July 16, 1945Lee Witters, Geisel School of MedicineTrinity. With the explosion of the first nuclear device, humankind had learned how to eliminate what the Big Bang, the first synthesis of the molecules of life, and natural selection by evolution had created on our small planet. As Robert Oppenheimer said, referring to the Bhagavad-Gita, “Now I am become Death, the destroyer of worlds.”

November 17, 1095Cecilia Gaposchkin, history I would argue for the day on which Pope Urban II preached the First Crusade. This launched hundreds of years of warfare between the Christian West and Muslims in the Middle East, played a pivotal role in the construction of Europe and its cultural and religious identity, and established the conditions for the ideological conflict between a Christian West and an Islamic Middle East, the legacies of which shape much of today’s geopolitics.

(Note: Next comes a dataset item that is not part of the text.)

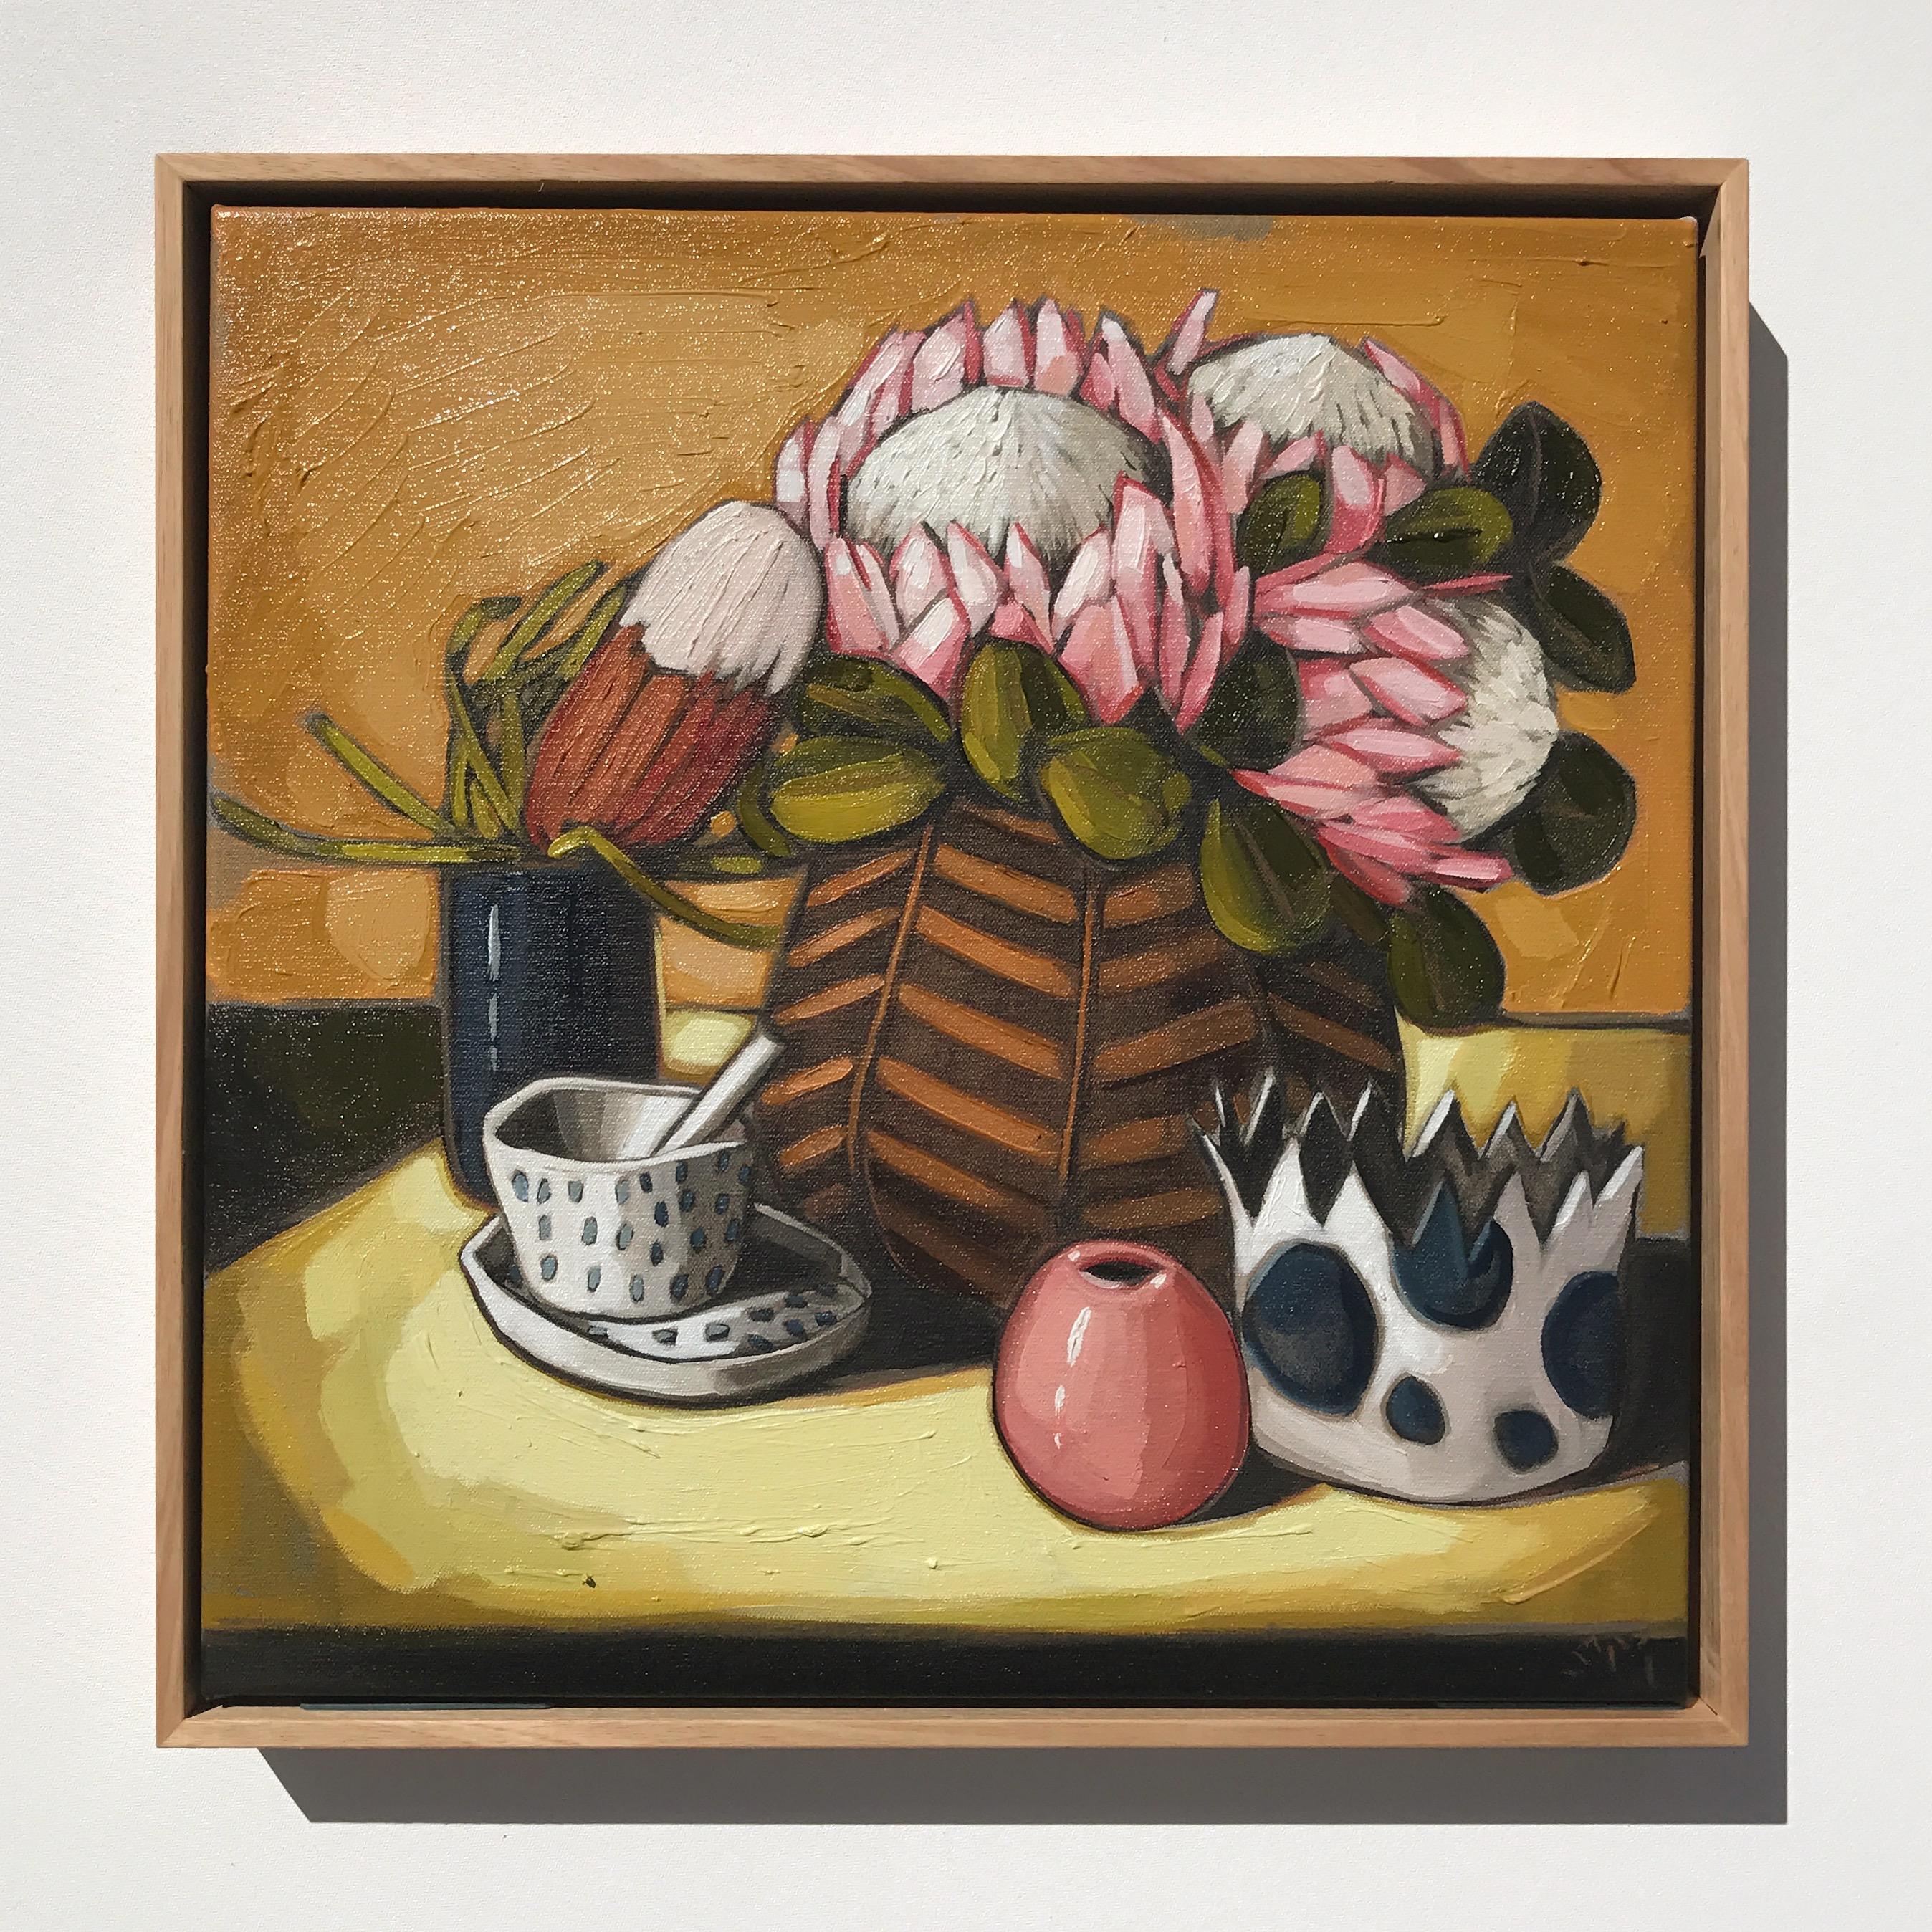 12_17 EMPEREUR 'Proteas, Banksia & Vessels' 45x45cm $1,395

June 23, 1847Jane Lipson, chemistry
On this date, during a meeting of the British Association for the Advancement of Science, William Thompson (later Lord Kelvin) highlighted James Joule’s meticulous experiments, quantifying beyond dispute the equivalence of energy transferred as heat and energy transformed into mechanical work. Thompson pointed out that Joule’s results were the definitive answer to questions about the nature of energy and its transformations; their work led directly to the Second Law of Thermodynamics. The Laws have profound implications, first felt during the Industrial Revolution and destined to accompany us forever as we strive to adapt this universe to our needs and desires.